The scheduling-window principle: schedule the procurement PSD2 attestation testimonial extraction in the three-to-eight-week window after the PSD2-attestation has formally concluded with payment-services-and-procurement-leadership ratification, when the customer's positions have stabilized but the attestation-cycle-specific regulatory-evaluation recall remains specific and rubric-grounded.

The question sequence

The procurement PSD2 attestation testimonial-extraction question sequence has eight segments. The sequence is structured to elicit the cycle-grounded PSD2-attestation content the testimonial's evidentiary value depends on and to capture the per-regulatory-dimension scrutiny the prospect's own PSD2-attestation cycle will apply to the vendor.

Segment 1 — Payment-services-provider-classification-against-Article-4-and-Annex-I mapping

The first segment establishes the payment-services-provider-classification mapping the attestation produced.
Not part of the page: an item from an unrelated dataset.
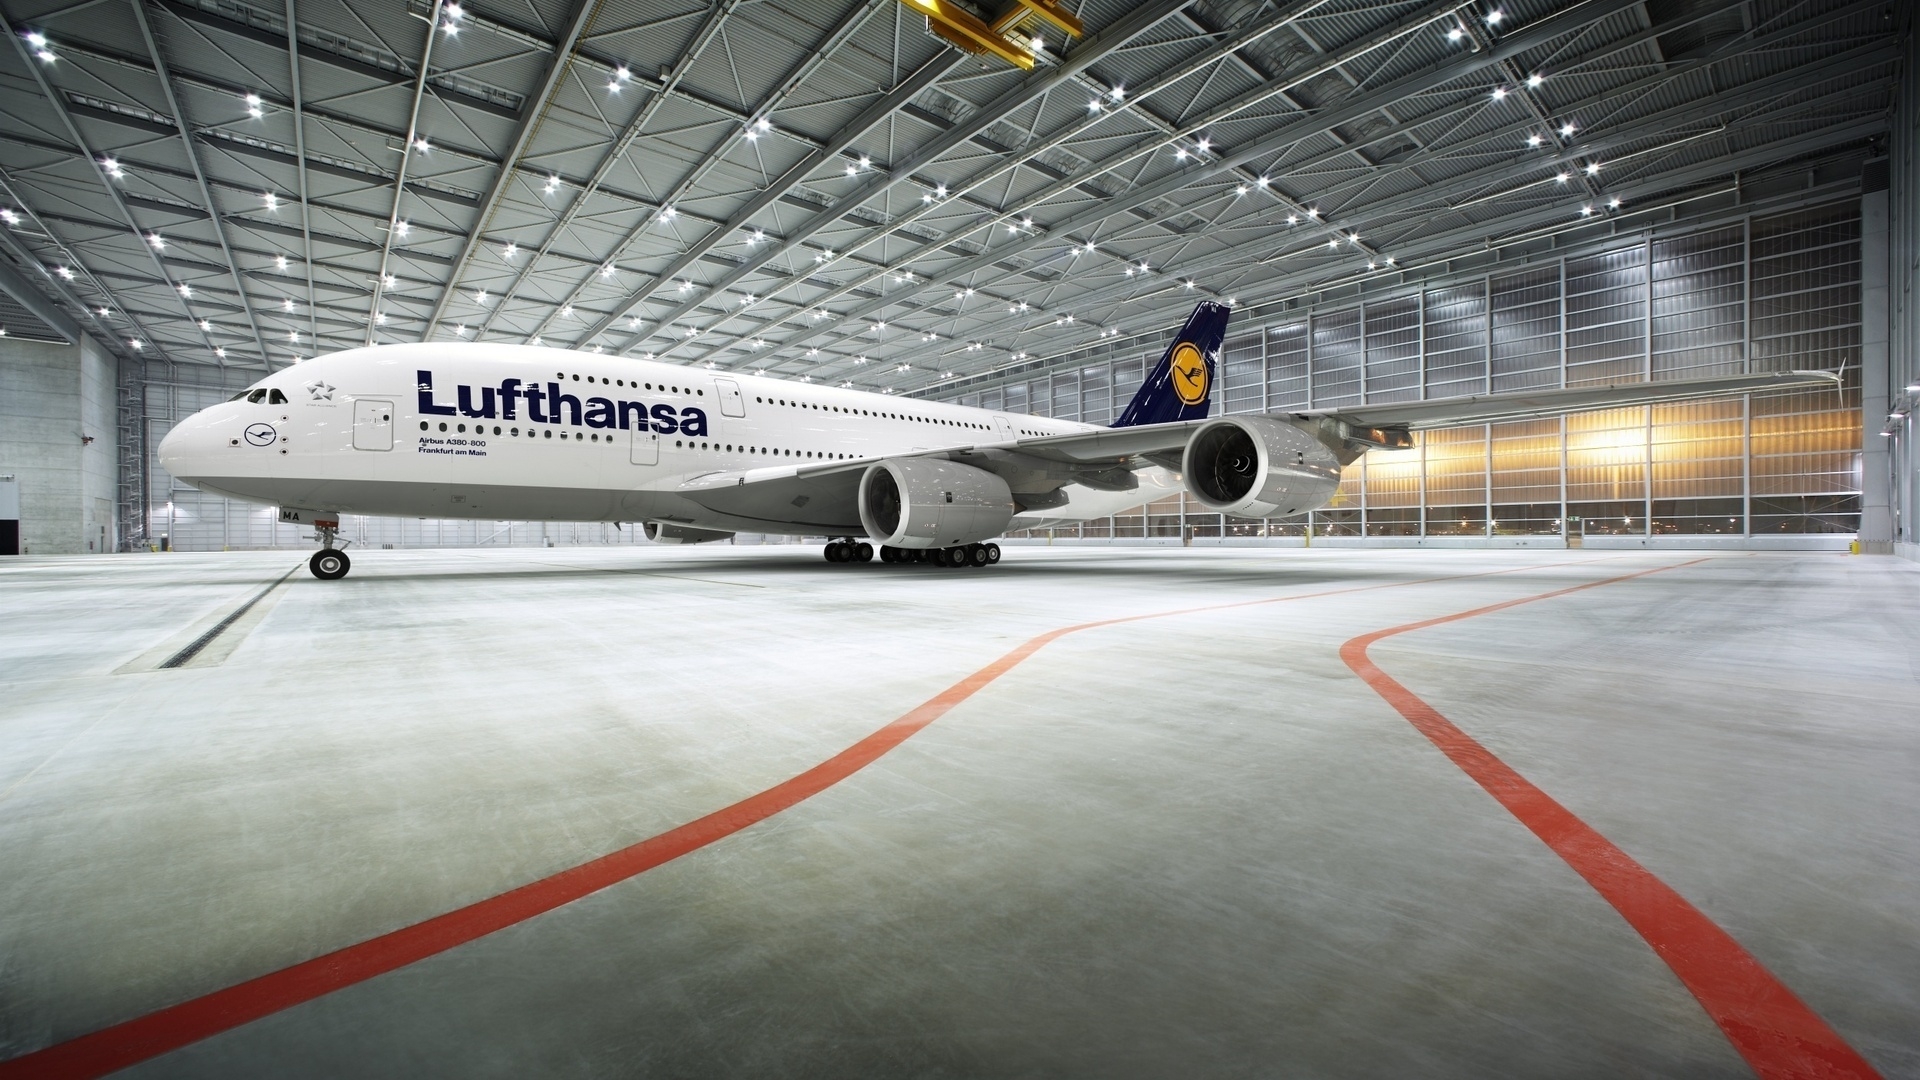 Lufthansa for 1920 x 1080 HDTV 1080p resolution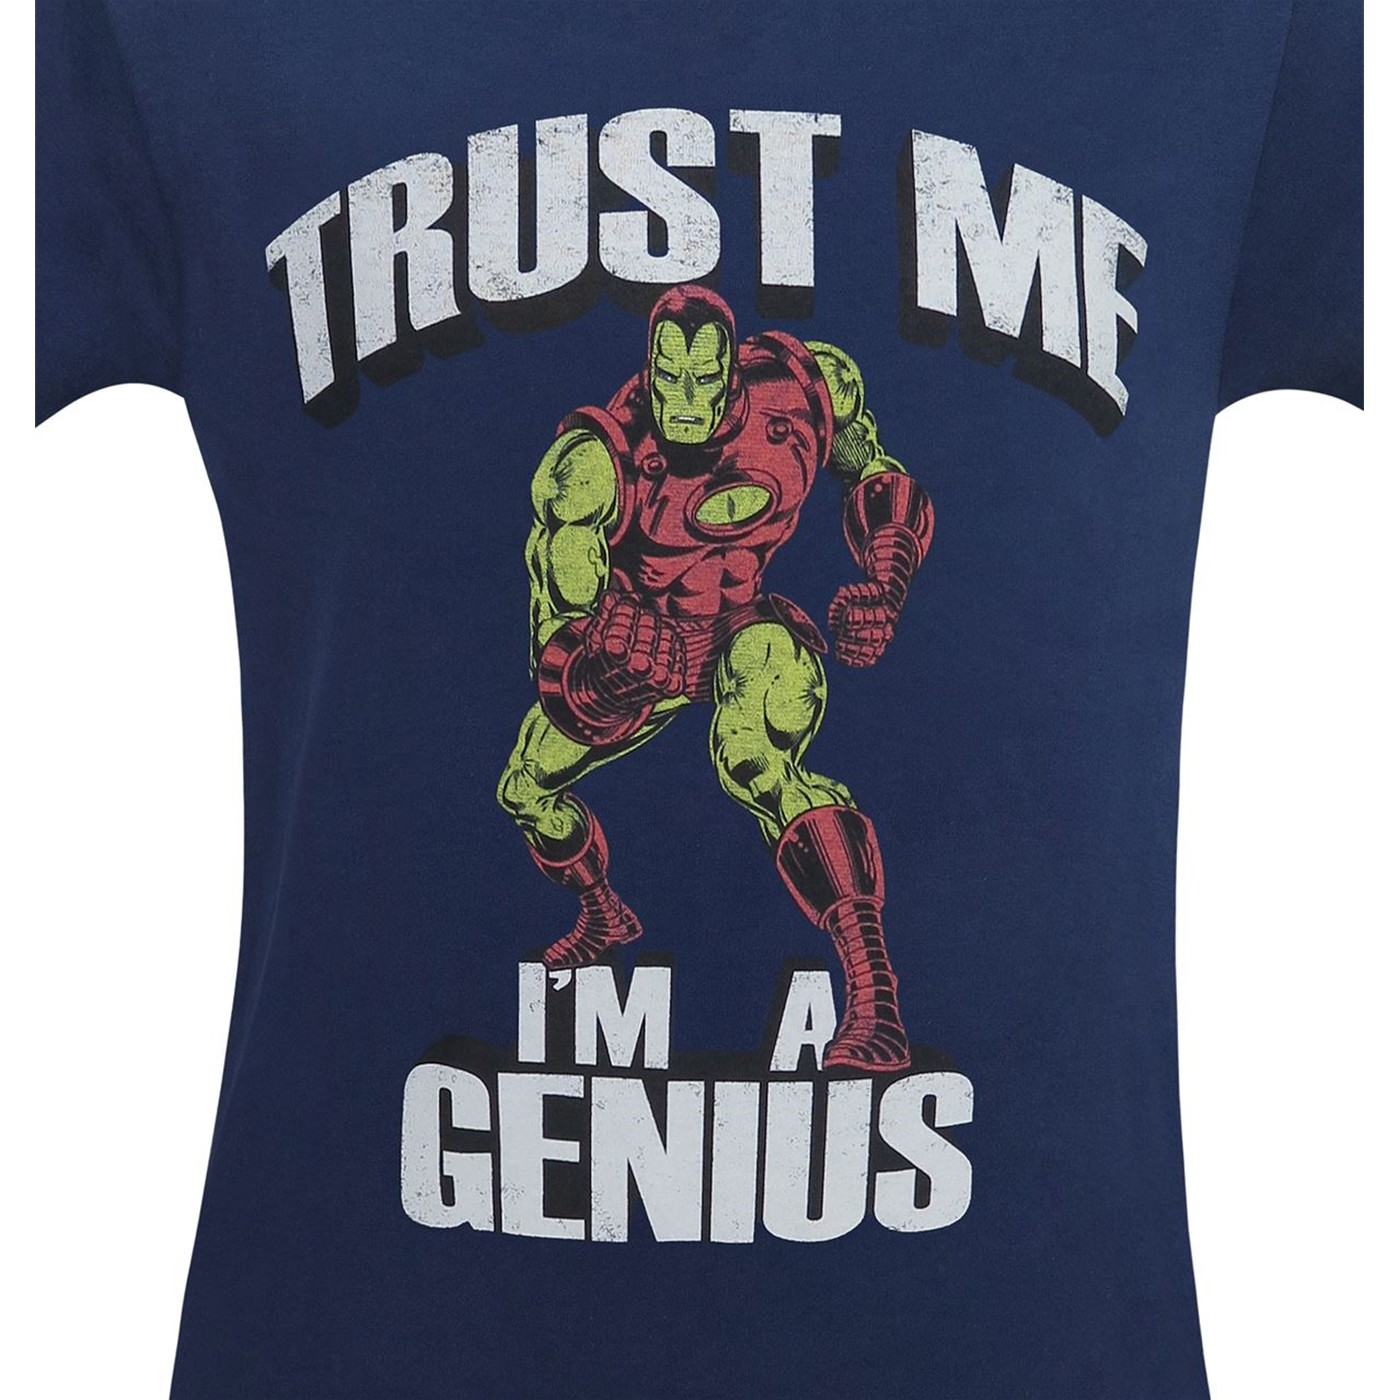 Iron Man Trust Me I'm A Genius Men's T-Shirt

The questions surface the classification methodology — the credit-institution-versus-payment-institution-versus-electronic-money-institution distinction under Article 4, the Annex-I payment-services-scope analysis, the per-service-line classification — and capture the per-dimension scrutiny the customer's procurement organization applied.

Representative questions:

  • What Article-4-and-Annex-I payment-services-provider-classification methodology did the attestation cycle apply, and which payment-services-and-procurement-leadership stakeholders approved the classification scope?
  • Which credit-institution-versus-payment-institution-versus-electronic-money-institution distinctions emerged from the classification, and how did the vendor's institutional positioning map against the distinction?
  • What Annex-I payment-services-scope analysis accompanied the classification, and how did the vendor's per-service-line positioning shape the classification conclusion?
  • Where did the classification surface PSD2-specific service-categorization ambiguity, and how did the per-feature observations shape the attestation's per-vendor positioning conclusion?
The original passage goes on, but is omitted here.